Example 5: DH270UCA Targeting Immunogen
[0230]This example describes a rationale and development of V3 glycan/DH270.6 germline targeting immunogens that recognize precursors with diverse CDR H3 loops.
[0231]Multiple antibody lineages that are the current focus of vaccine development efforts against HIV, influenza or coronavirus, contain rare features, such as long CDR H3 loops. These unusual characteristics may limit the number of available B cells in the natural repertoire that can evolve to secrete such antibodies by vaccination. In order to measure the ability of a given immunogen to engage naturally occurring B cell receptors of interest, here we describe a mixed experimental and bioinformatic approach focused on determining the frequency and sequence of CDR H3 loops in the immune repertoire that can be recognized by a vaccine candidate. By combining deep mutational scanning and computational analysis, CDR H3 loops that can be engaged by two existing HIV immunogens were identified and characterized, thus illustrating how the methods described here can be used to evaluate candidate immunogens based on their ability to bind diverse B cell receptors.
[0232]For an effective vaccine, it is important to ensure that B cells exist in the human repertoire that can be engaged and activated by a candidate immunogen. As previously shown, B cell activation depends on the overall frequency of the target B cell population and the affinity of the immunogen for the respective BCRs. Many antibodies against diverse viruses employ unusually long CDR H3 loops for neutralization, which may limit the number of precursor B cells in the immune repertoire that can be engaged by vaccination to elicit related humoral responses. For example, HIV bnAbs that target the V2 apex and glycan-V3 epitopes on Env typically contain CDR H3 loops of over 20 amino acids. Similarly, broadly cross-reactive antibodies that bind to the influenza neuraminidase or the sialic acid receptor binding site utilize long CDR H3 loops for the majority of their viral contacts. Recently, some isolated antibodies that neutralize both existing and emergent coronaviruses were founds to also rely on long CDR H3 loops for recognition. Because of their potency and broad recognition of diverse viral isolates, the elicitation of these types of antibodies is currently of interest for HIV, universal influenza or pancoronavirus vaccine development efforts.
[0233]The heavy chain complementarity determining region 3 (CDR H3) loop is the major antibody site involved in antigen recognition.

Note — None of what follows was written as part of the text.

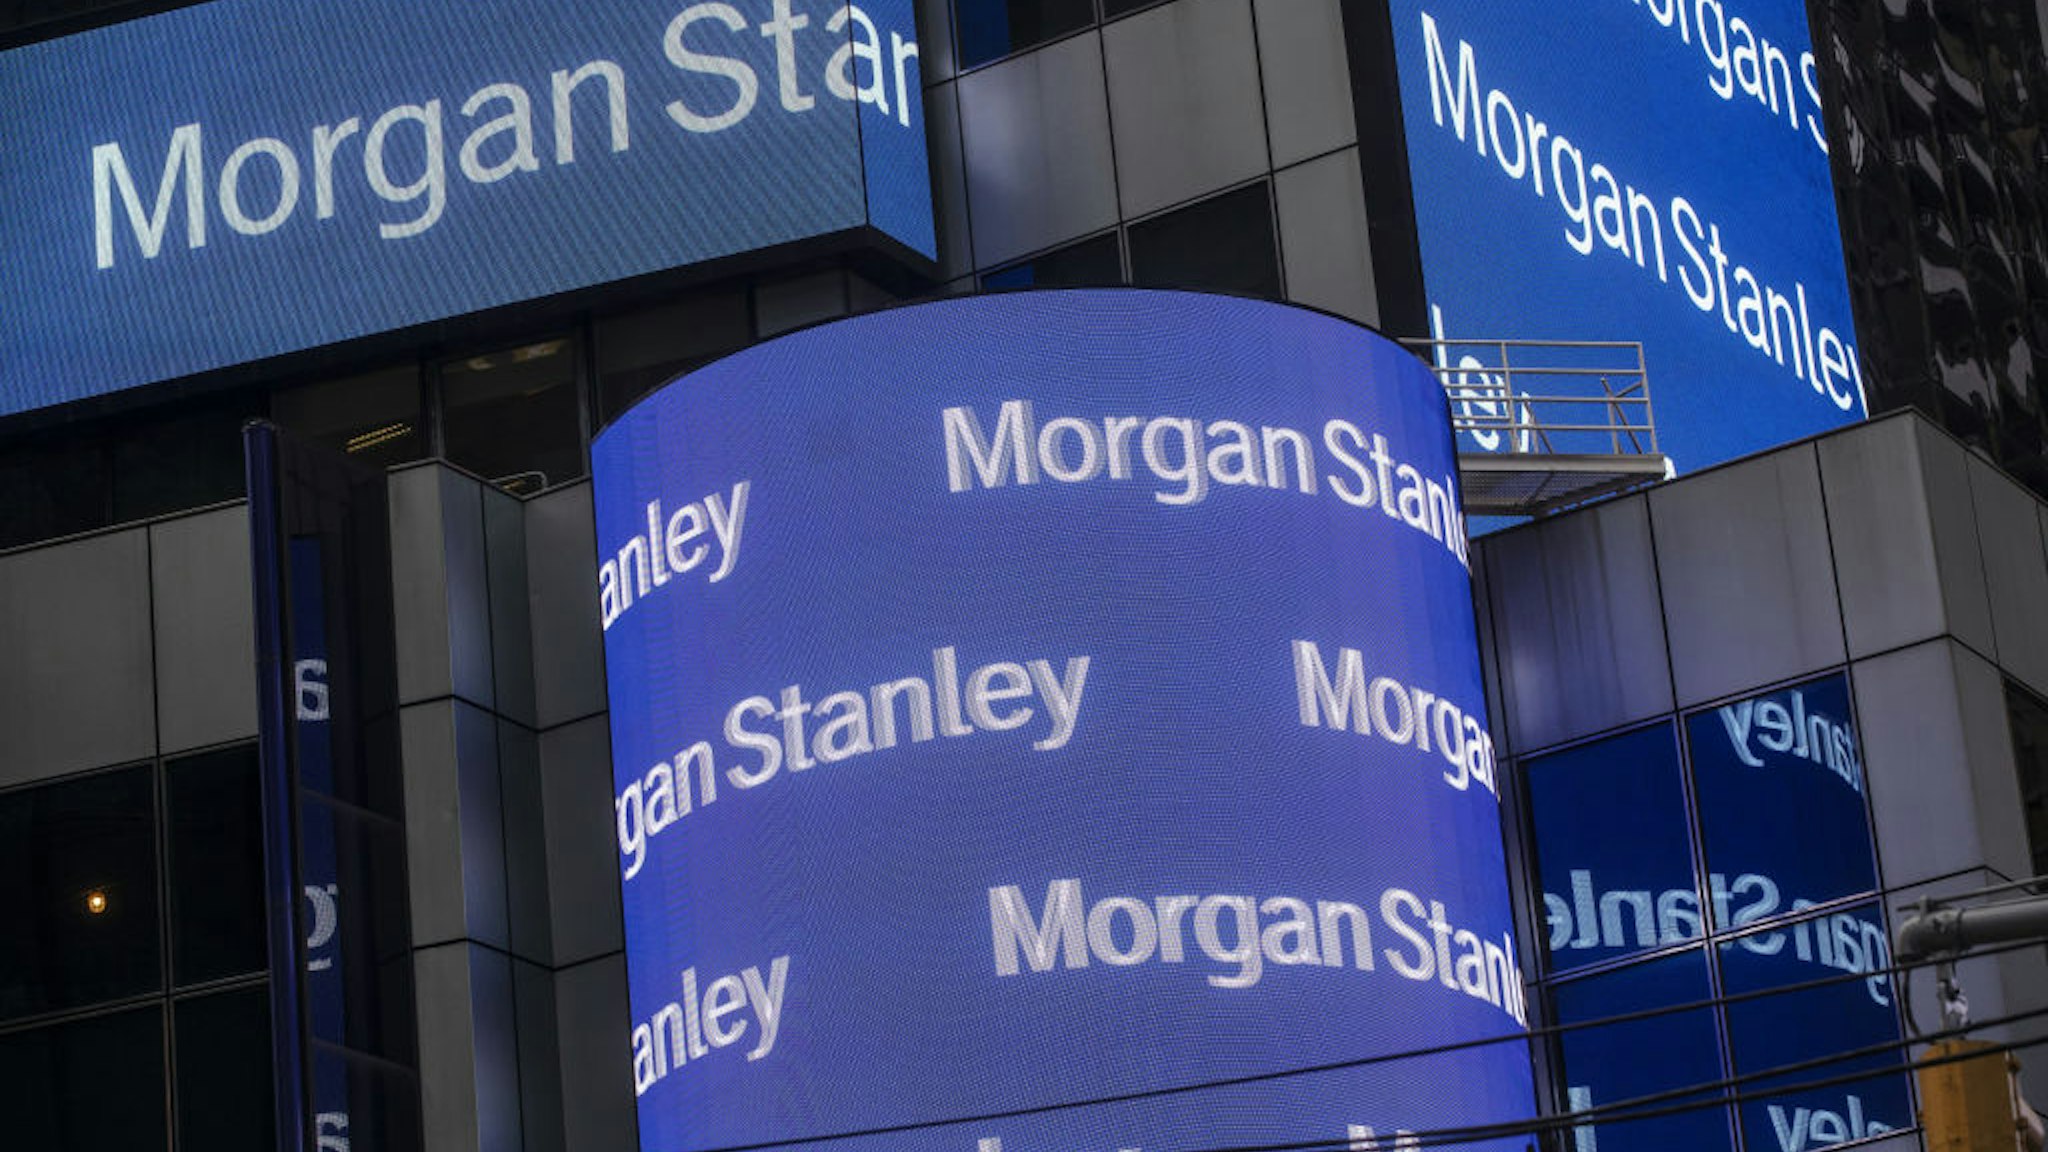 Morgan Stanley headquarters in New York, U.S., on Monday, Jan. 17, 2022. Morgan Stanley is scheduled to release earnings figures on January 19.

Compared to the other five antibody CDR segments, CDR H3 loops exhibit significantly higher sequence and structural diversity, which allow them to recognize various antigens1. The median length of human CDRH3 loops is around 15 amino acids6-8, although longer loops of over 20 amino acids are present with low frequencies). CDR H3 loops are formed through VDJ recombination, a process that involves the introduction of double-strand breaks in DNA to join the V, D, and J genes, and a break repair mechanism that adds random nucleotides, called N-nucleotides, at the junction sites9-11. Therefore, CDR H3 loops contain genetically encoded segments as well as non-templated, stochastically generated regions. While the sequence of CDR H3 loops typically evolves during antibody affinity maturation in response to antigen stimulation, length altering insertions and deletions are rare12, 13. In order to elicit antibody lineages that rely primarily on CDR H3 contacts for virus neutralization, it is therefore critical to ensure that candidate immunogens can bind with high affinity to natural BCRs that contain CDR H3 loops related to those of target antibodies. This is particularly important when such antibodies contain unusually long CDR H3 loops that are typically rare among natural BCRs, like the ones described above against HIV, influenza, and coronaviruses.

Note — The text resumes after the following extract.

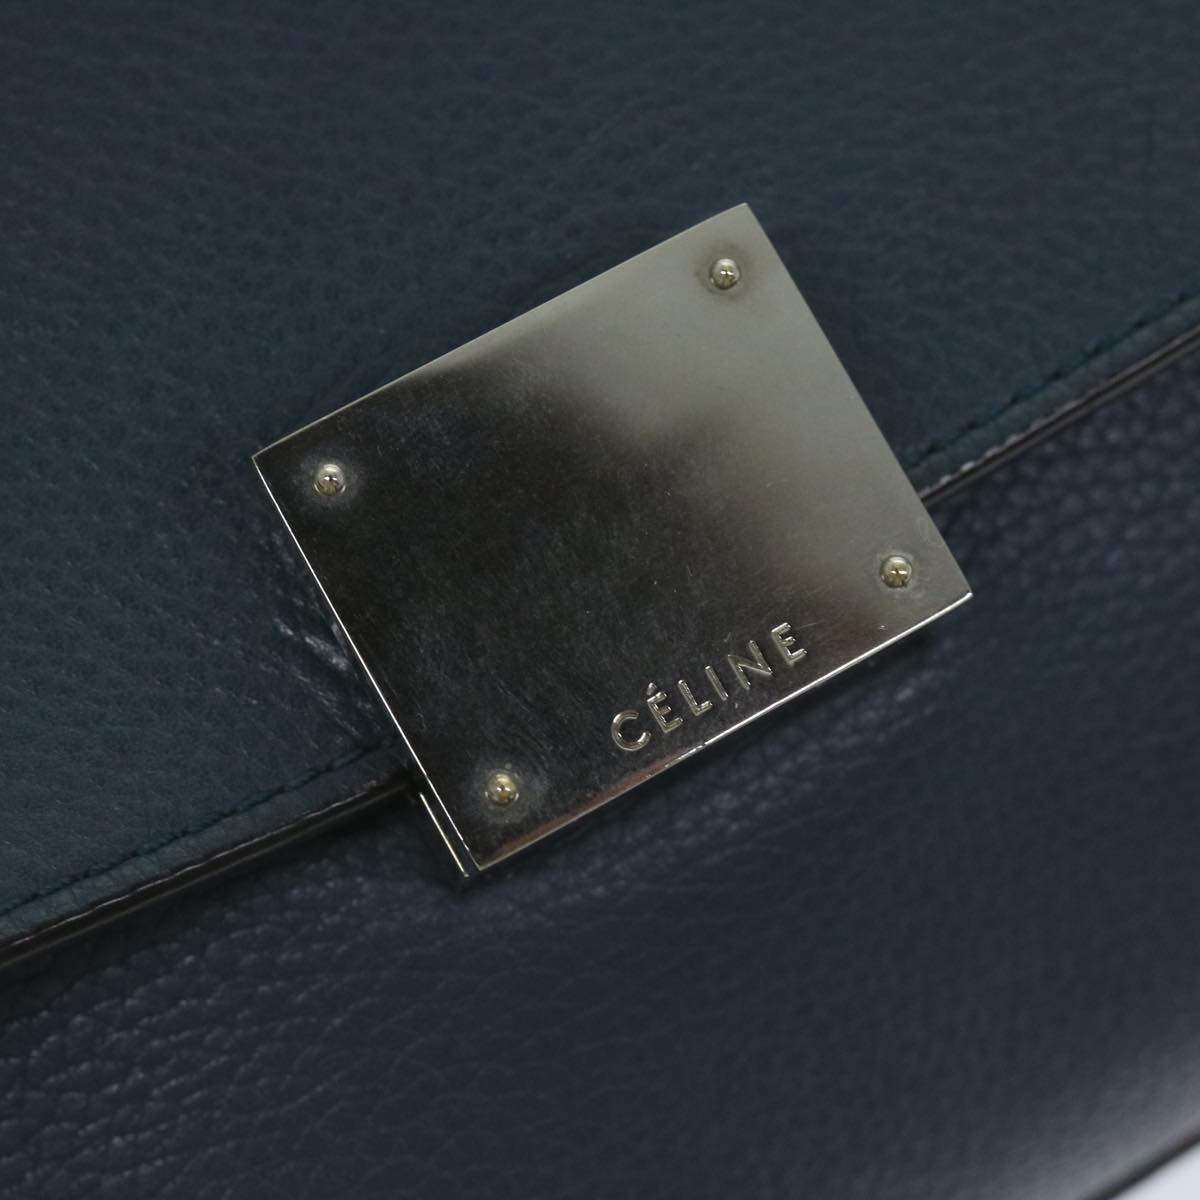 CELINE Hand Bag Suede Leather Navy Auth hk1003

[0234]Currently, natural BCRs engaged by a given immunogen are identified by labeling human PBMCs with the target molecule, followed by Florescence Activated Cell Sorting (FACS) to select B cells with the desired phenotype. The sequence of the isolated BCRs is subsequently determined and corresponding IgGs are typically produced recombinantly and characterized for binding to the target immunogen. This approach requires the ability to access and manipulate large number of human B cells, involves laborious and challenging experimental methods, can be biased by the selection strategy, and is expensive. To address these limitations, here we describe an experimental and bioinformatic approach to identify BCRs in the natural human repertoire that contain CDR H3 loops predicted to be bound by a candidate immunogen. For a given antibody, our approach utilizes deep scanning mutagenesis to rapidly identify possible changes in the sequence of its CDR H3 loop that are tolerated by a candidate immunogen. Using the resulting amino acid substitution profile, a public database containing the sequences of >100 million human BCRs is subsequently queried to identify CDR H3 sequences predicted to be bound by the candidate immunogen. CDR H3 loops of interest can be subsequently selected for experimental characterization.

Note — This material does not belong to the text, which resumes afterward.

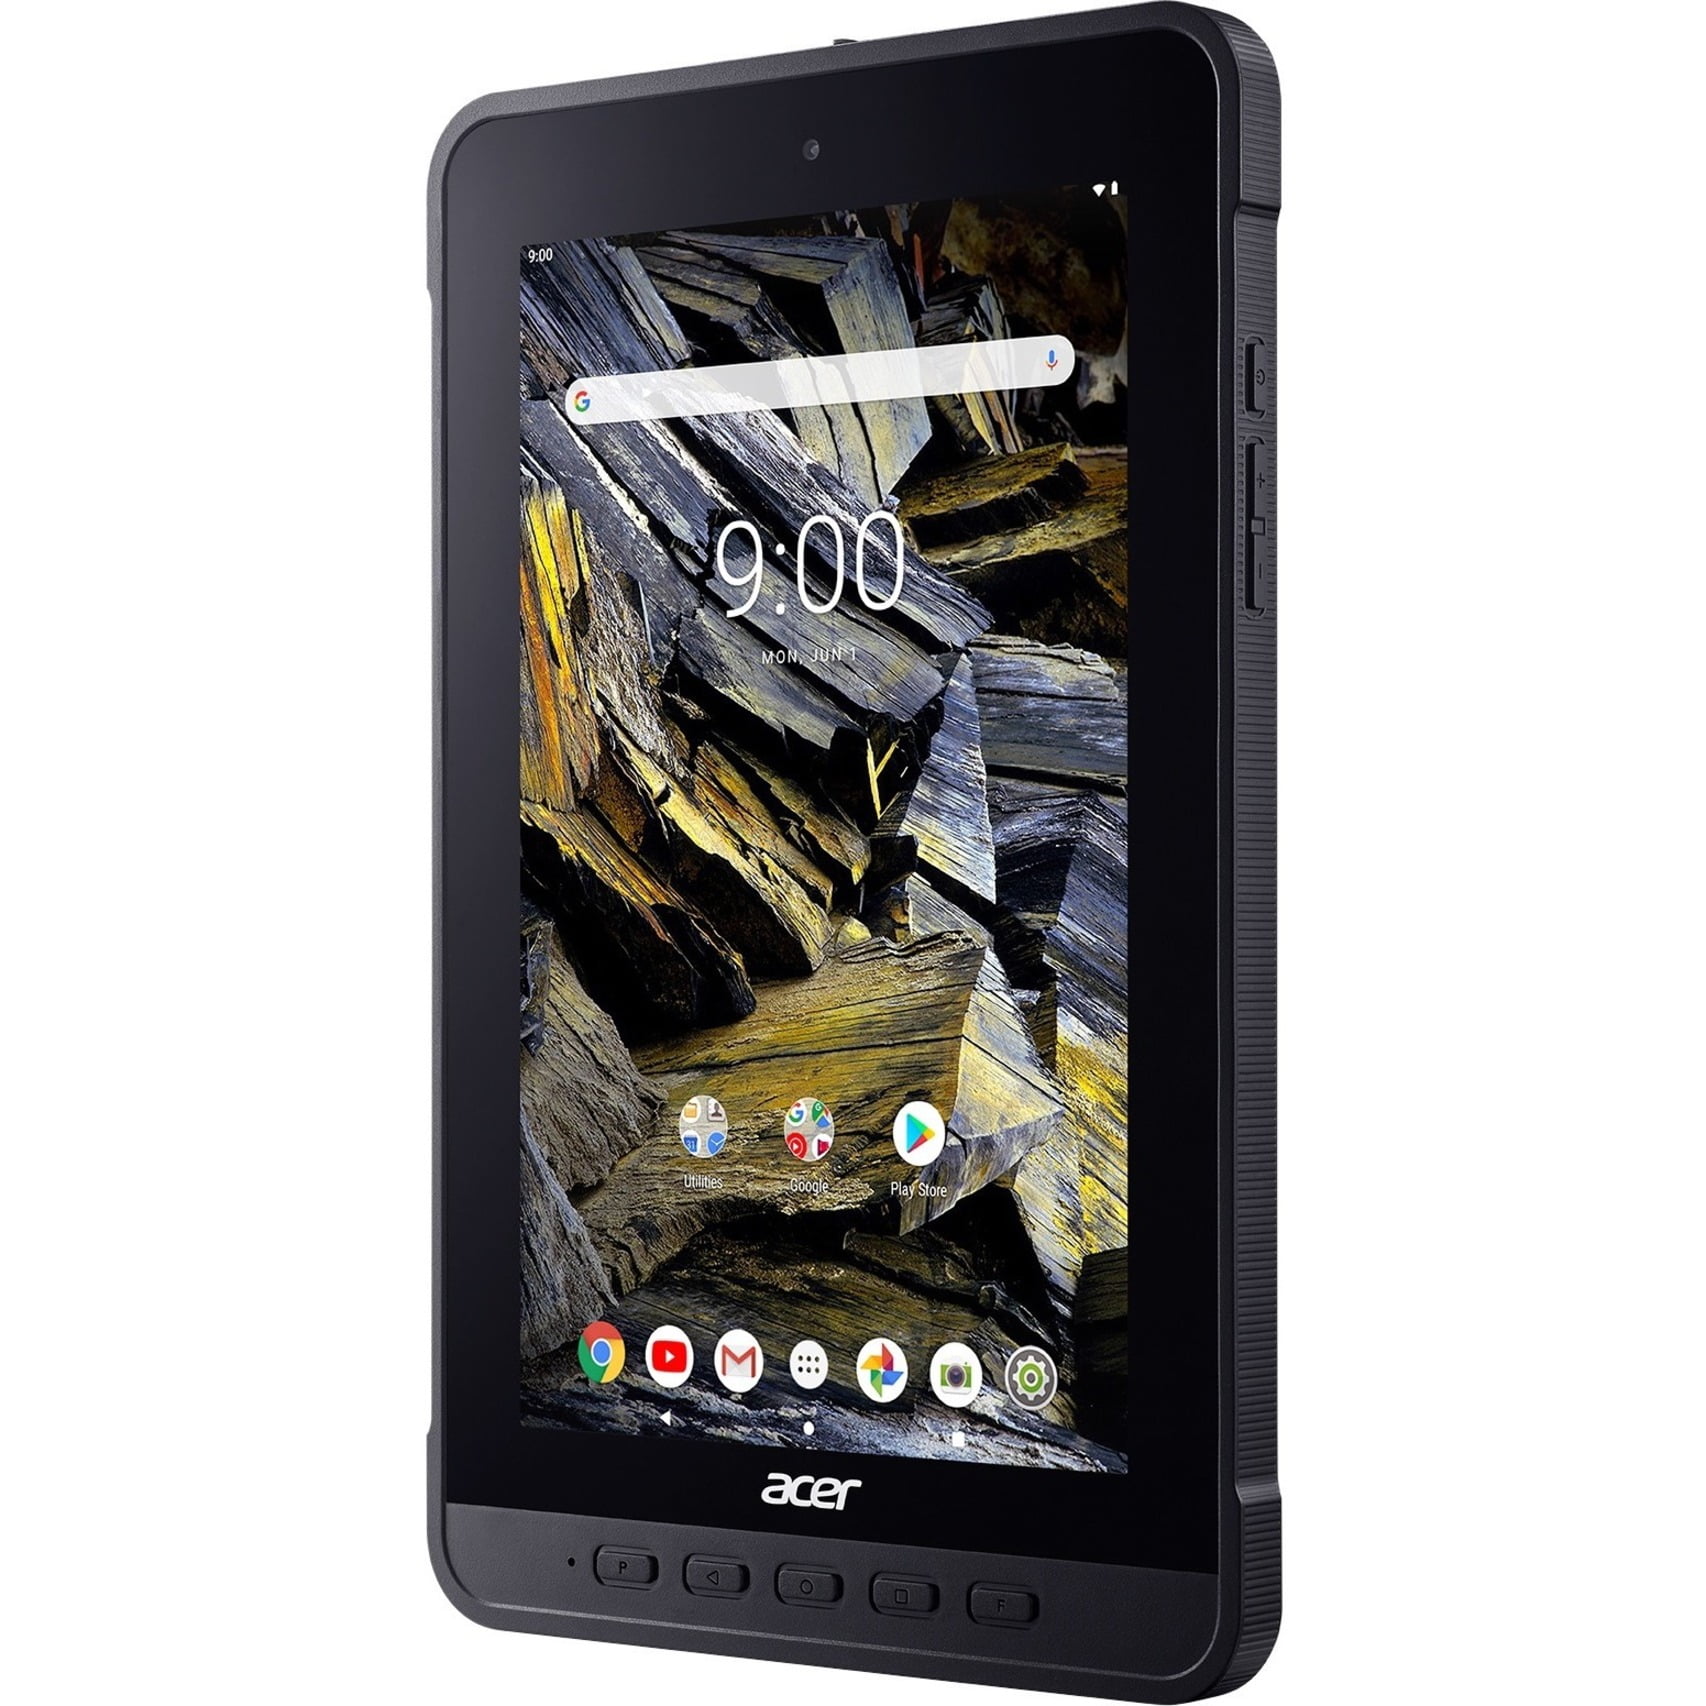 Picture of Acer NR.R0MAA.001 8 in. MT8385 4GB DDR4 64GB Windows 10 Pro Professional Tablet, Iron Gray

[0235]We applied this platform to analyze two immunogens, CH505.MS.G458Y and 10.17DT, which have been shown previously to activate precursors of HIV broadly neutralizing antibodies (bnAbs) CH235.12 and DH270.6 in animal models 14. 15 DH270.6 and CH235.12 neutralize an estimated 51% and 89% respectively of the circulating HIV viruses, and their elicitation is the focus of HIV vaccine development efforts. The initial step in the induction of HIV bnAbs is to activate B cells whose BCRs can be subsequently matured to breadth. To this end, the 10.17DT immunogen was engineered to bind the DH270UCA3 mAb, which is the inferred unmutated common ancestor (UCA) of the HIV bnAb DH270.6. DH270UCA3 contains a 20 amino acid CDR H3 loop that is the major site of interaction with the glycan-V3 epitope on HIV Env. Similarly, CH505.M5.G458Y is a germline targeting immunogens against the UCA of CH235.12, a HIV bnAb that targets the CD4 receptor binding site. CH235UCA contains a 13 amino acids CDR H3 loop, which is an important, but not major, site of antigen interactions. Using our platform, we found that the natural B cell repertoire contains a high number of BCRs with CDR H3 loop sequences that should permit engagement by CH505.M5.G458Y. In contrast, B cell activation by the 10.17DT immunogen will be more limited given the restrictive sequence requirements of CDR H3 loops recognized by this molecule. Natural CDR H3 loops that are bound by the DH270.6 germline targeting immunogen 10.17DT were identified and validated, thus illustrating how our approach can be employed to evaluate the ability of vaccine candidates to engage BCRs present in the human B cell repertoire.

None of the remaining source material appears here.